While Covid restrictions are set to ease at midnight on Friday, much of the South Island is struggling with high case numbers and are yet to hit its peak of the Omicron outbreak.
Christchurch is resembling more of a ghost town than Garden City, with the inner-city streets void of shoppers.
"For a lot of businesses that I've talked to this is actually worse than the Level 4 lockdown," Christchurch Central City Business Association's Annabel Turley told 1News.
"The future is pretty grim."
Schools are also running lean, with 84 per cent of Canterbury classrooms affected by the virus, forcing staff shortages and a lack of relievers.
Thirteen-year-old Inara Schaap is one of many isolating at home with Covid.
"I was feeling a bit sick but it just felt like a cold and I was going to take the day off anyway," Inara told 1News.
"So I took a test and found out I was positive too."
Even Christchurch Mayor Lianne Dalziel has caught the virus, her office saying she was isolating at home and unable to attend meetings.
Covid-19 modeller Michael Plank said the South Island was lagging behind Auckland and other parts of the country, with cases in the south continuing to rise.
However, the end may be in sight, with case numbers in the south predicted to peak next week.
Meanwhile, epidemiologist Michael Baker said if Omicron remained the most dominant strain of Covid, the pandemic could become an endemic.
READ MORE: Kiwis question whether Covid-19 is becoming 'endemic'
An endemic disease is one which is always in the community, but is considered to be more stable, predictable and manageable.
"The key features [of endemics] are that the threat is constantly present," Baker said.
It does not mean the illness is less severe, however.
Baker suggests Covid-19 now presents more like the flu, but there are key differences.

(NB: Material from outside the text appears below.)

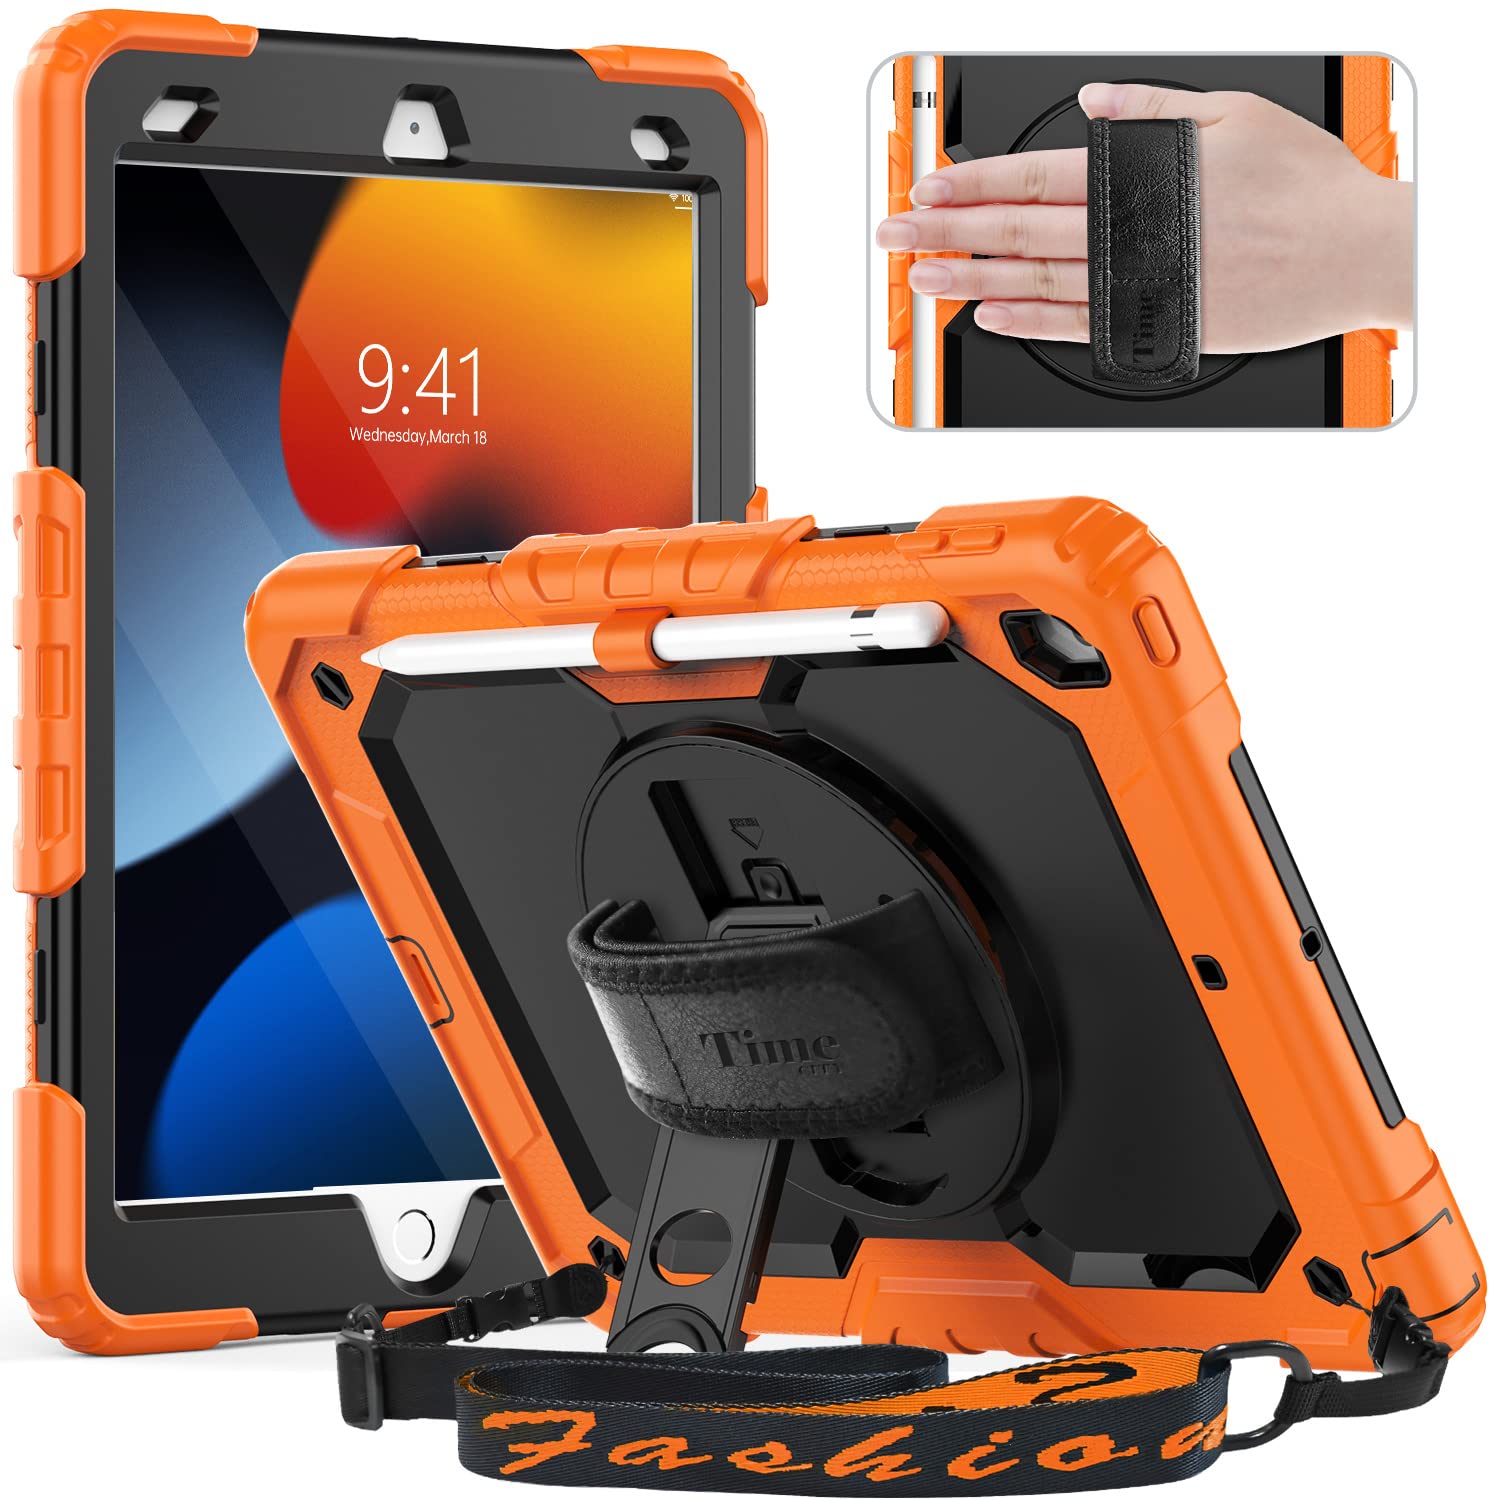 Shoulder Strap for Rugged and Field-Ready Tablet Cases | Targus

"One is it's so much more infectious than influenza that causes the flu - it doesn't need the boost from winter," he said.
"Covid-19 has a higher fatality risk, though with Omicron this has now dropped to a similar level to influenza for vaccinated people."
He says Covid-19 seems to produce long-term effects more often than influenza does, and that immunity to it declines more rapidly.
"The big unknown factor is virus evolution," he said.
That could still push Omicron out as the most dominant strain and result in further pandemic waves.